- [Exercise directions] Your copy of the lines below must match them exactly and contain no images.

___ Data shown ___

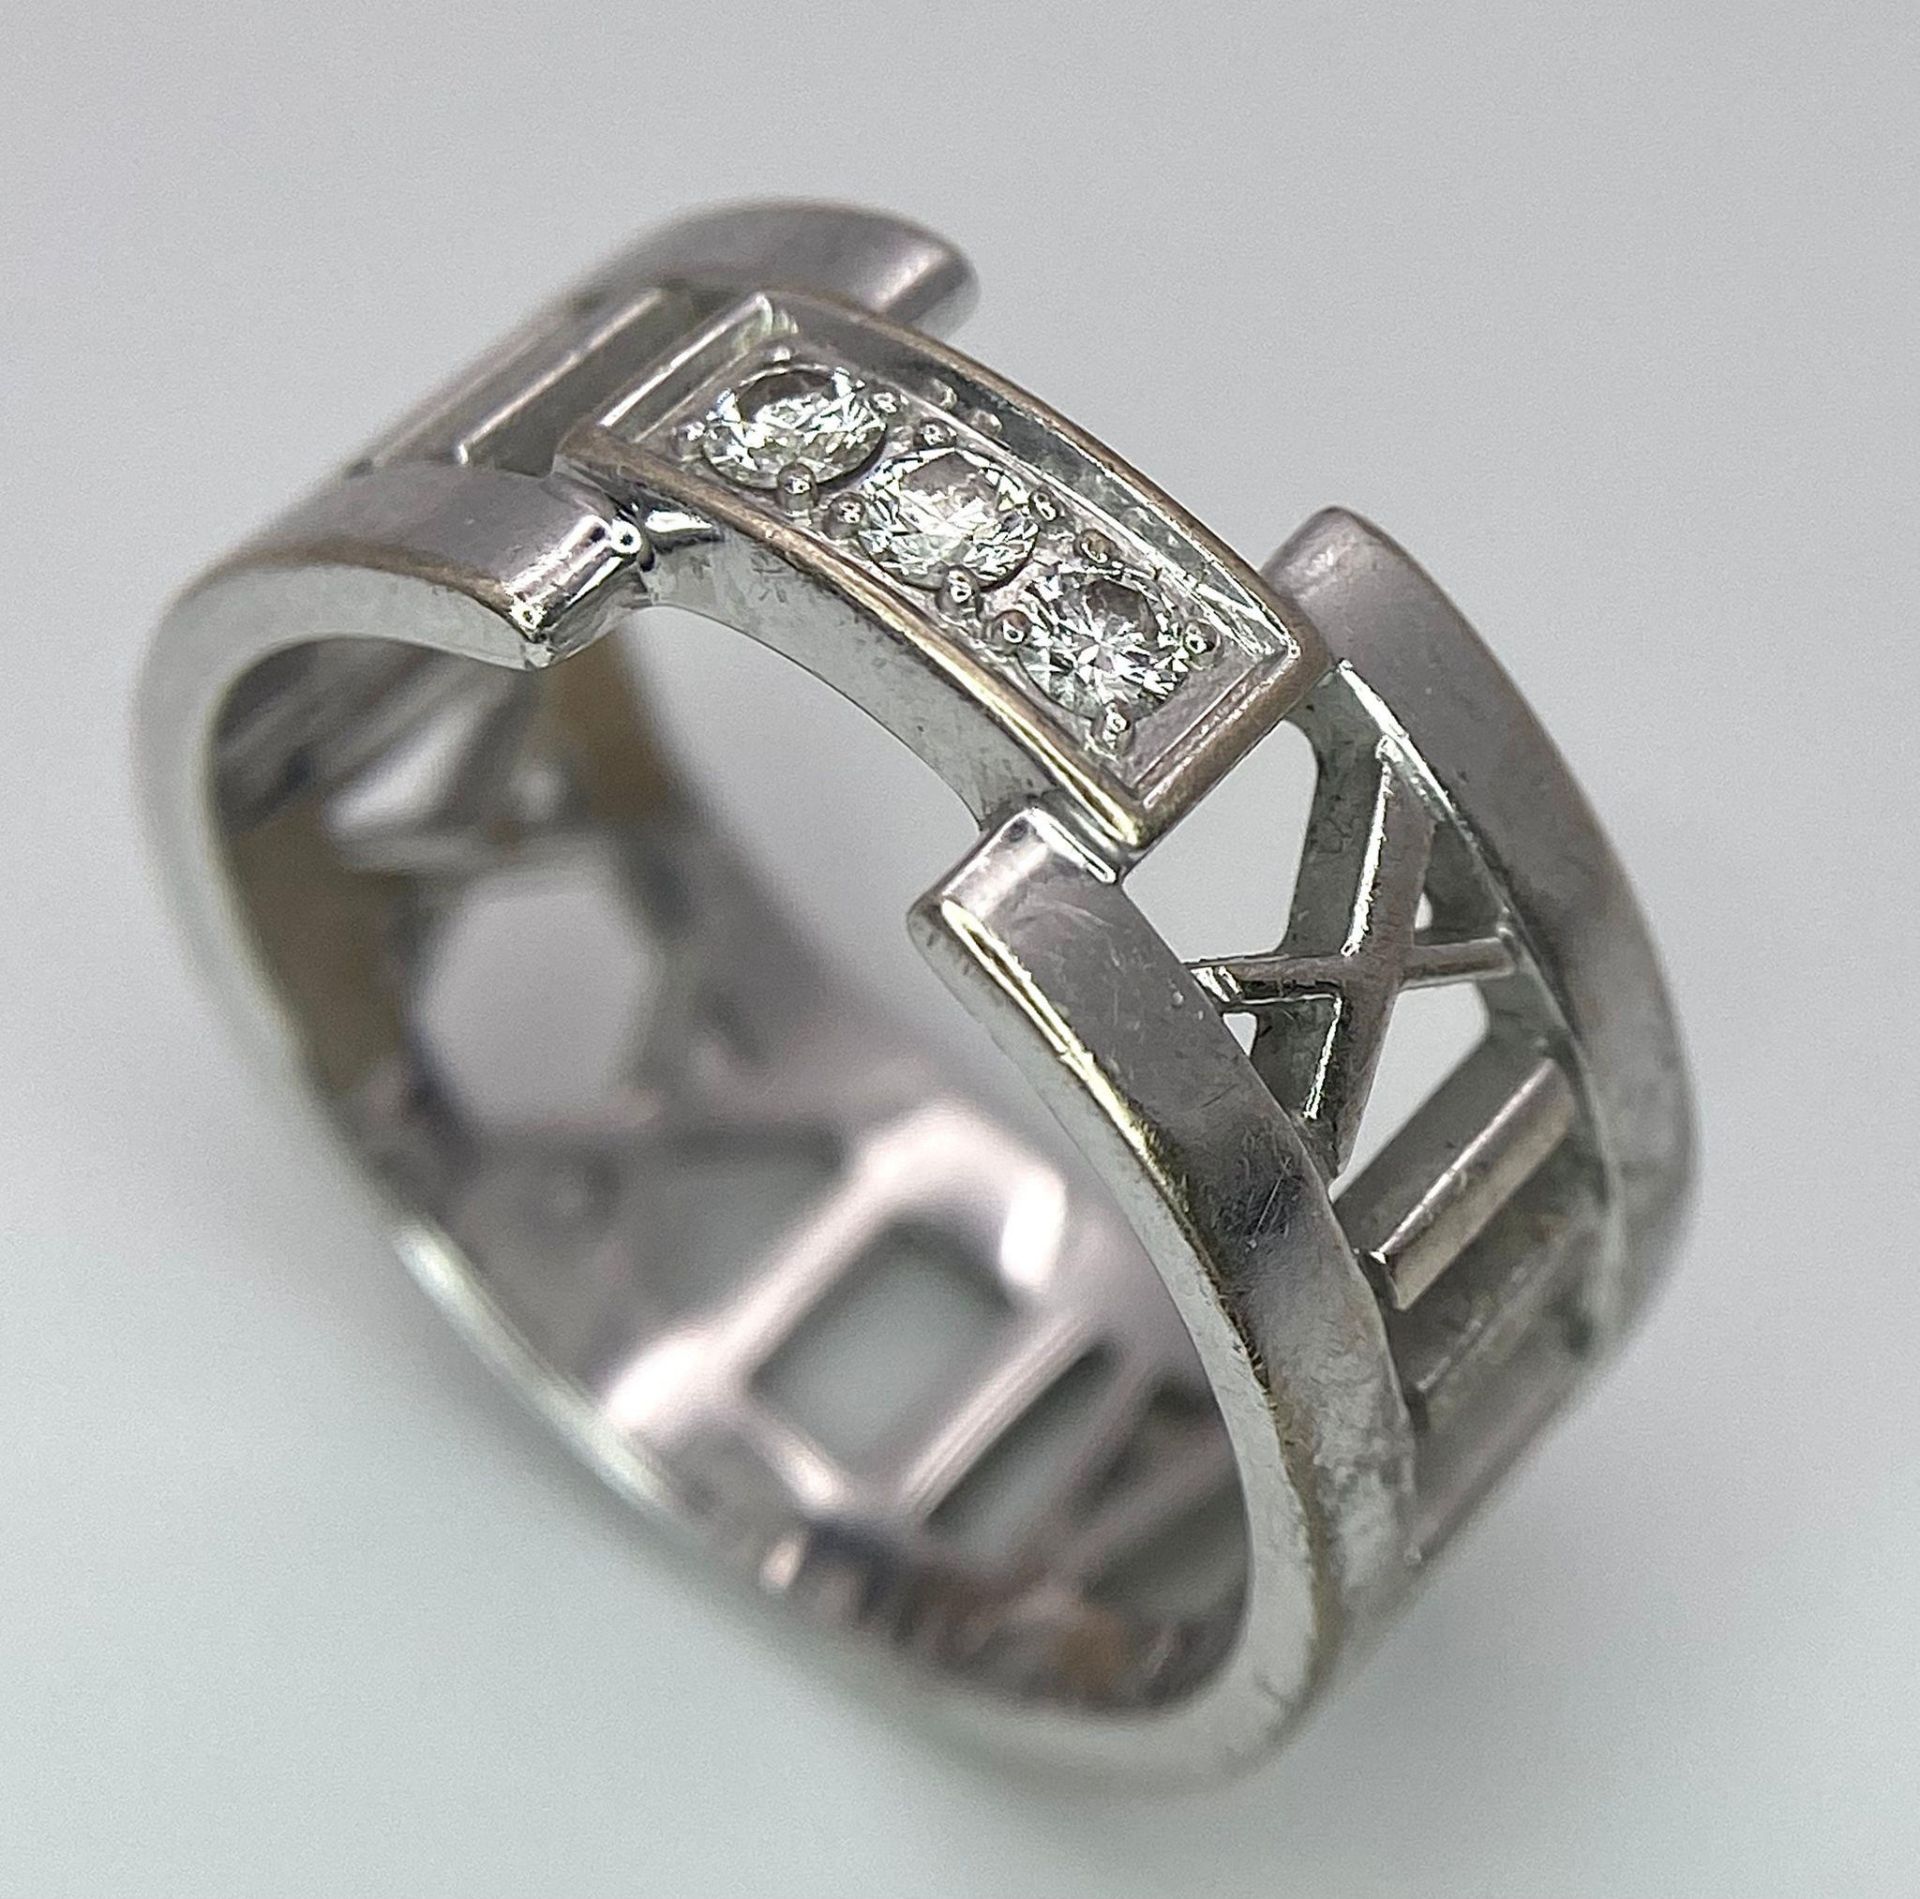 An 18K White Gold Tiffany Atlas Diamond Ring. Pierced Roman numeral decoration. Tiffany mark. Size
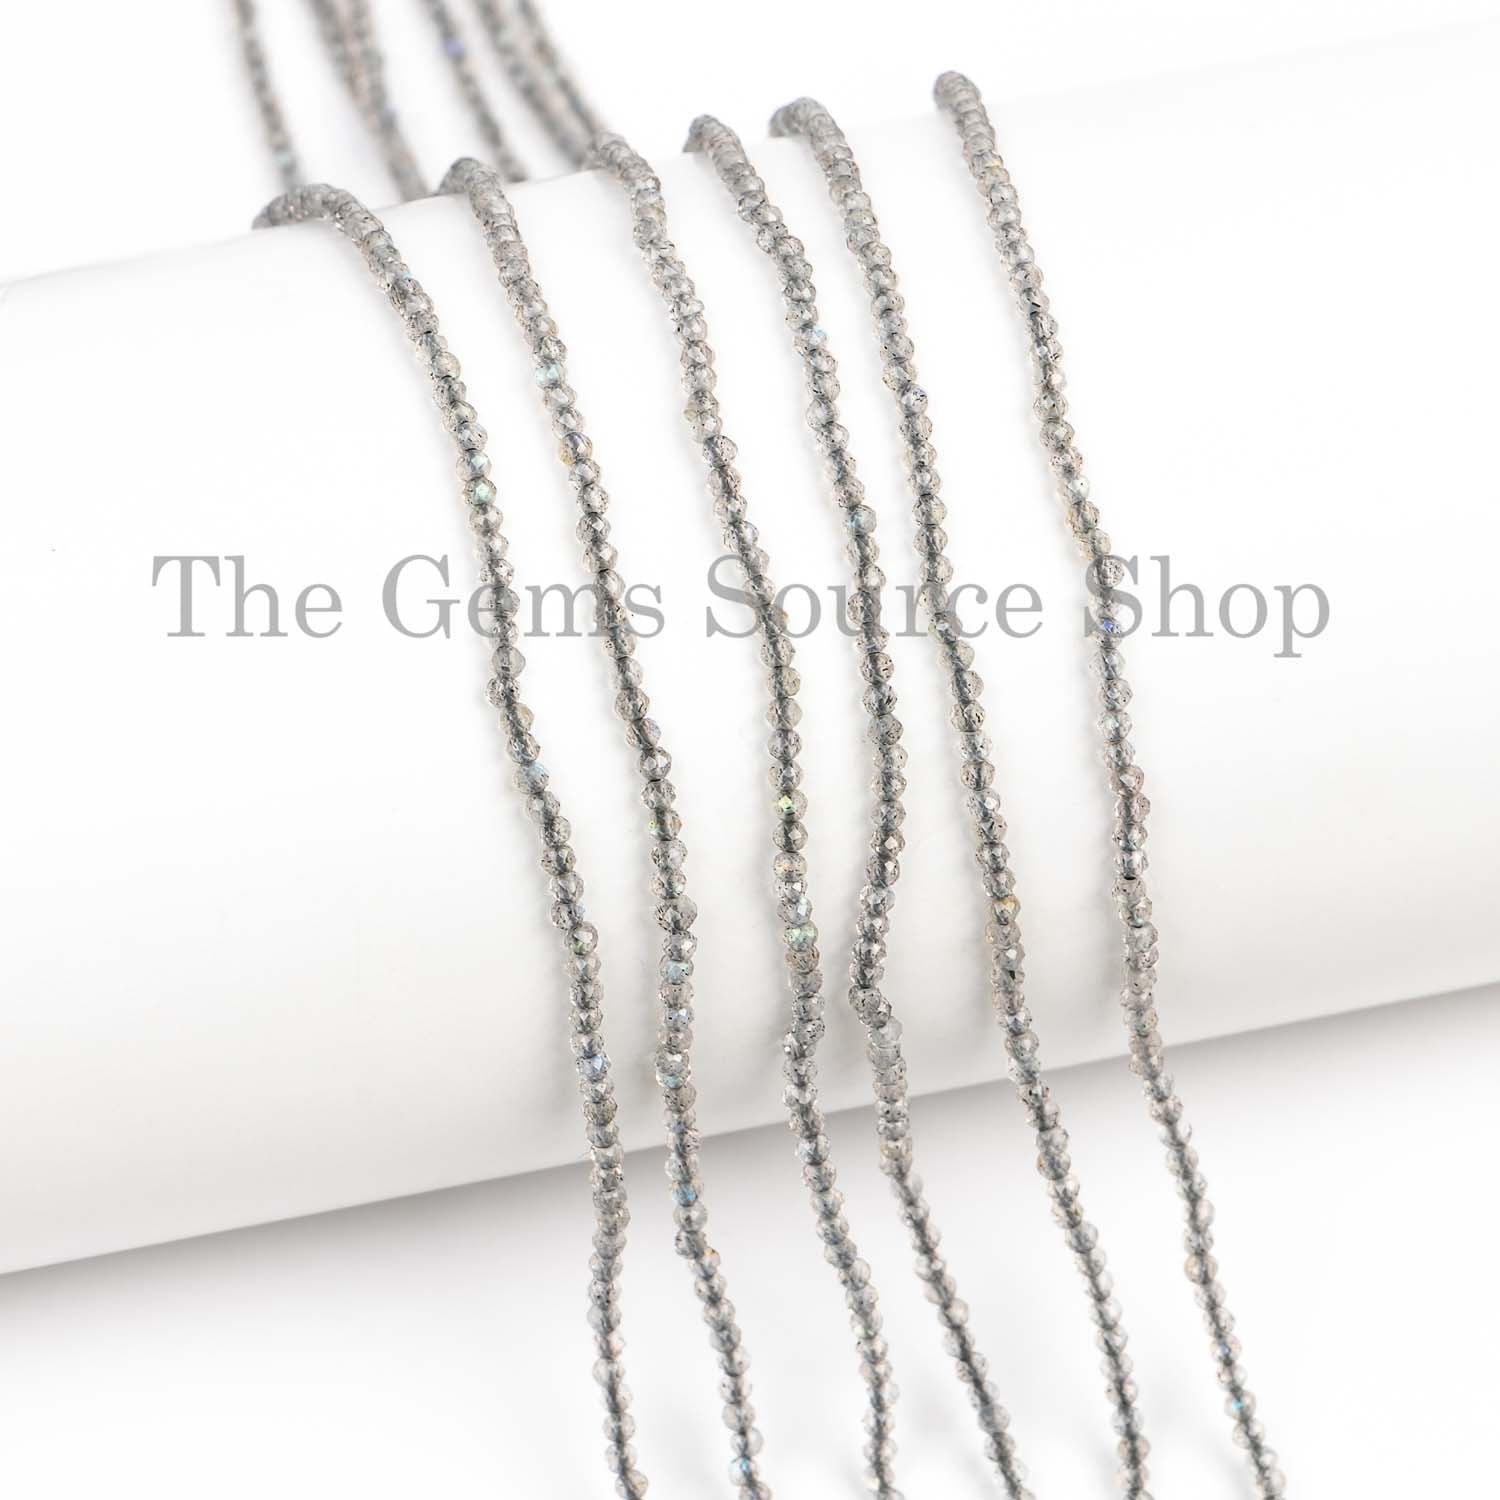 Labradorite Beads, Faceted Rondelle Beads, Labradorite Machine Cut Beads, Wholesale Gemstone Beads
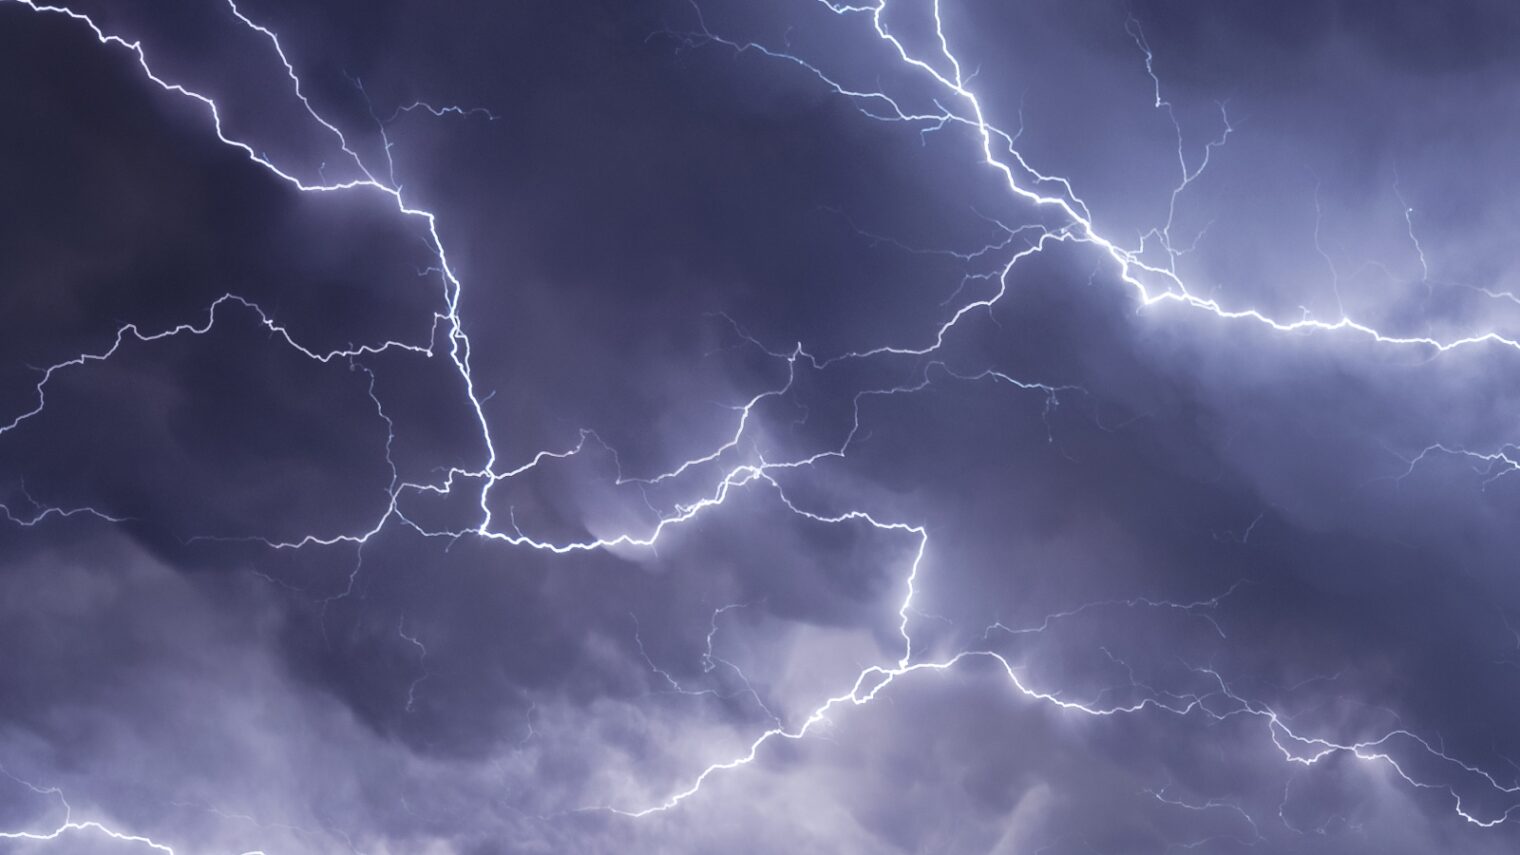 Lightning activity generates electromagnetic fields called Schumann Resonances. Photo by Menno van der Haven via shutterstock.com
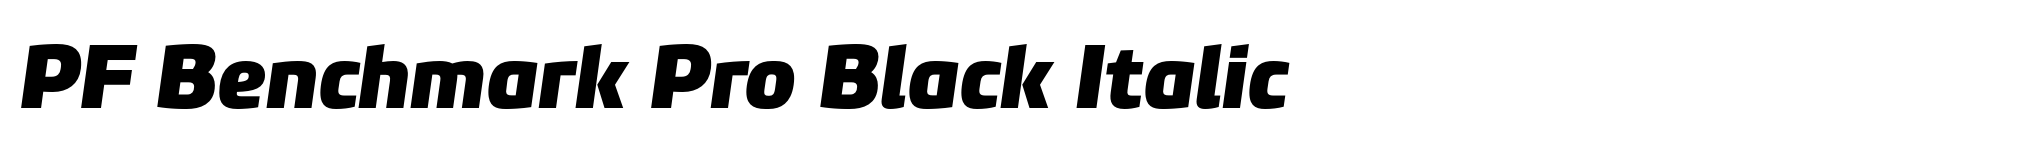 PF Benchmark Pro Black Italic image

___

- [Finished exercise]
 An 18K White Gold Tiffany Atlas Diamond Ring. Pierced Roman numeral decoration. Tiffany mark. Size
 Labradorite Beads, Faceted Rondelle Beads, Labradorite Machine Cut Beads, Wholesale Gemstone Beads
 Lightning activity generates electromagnetic fields called Schumann Resonances. Photo by Menno van der Haven via shutterstock.com
 PF Benchmark Pro Black Italic image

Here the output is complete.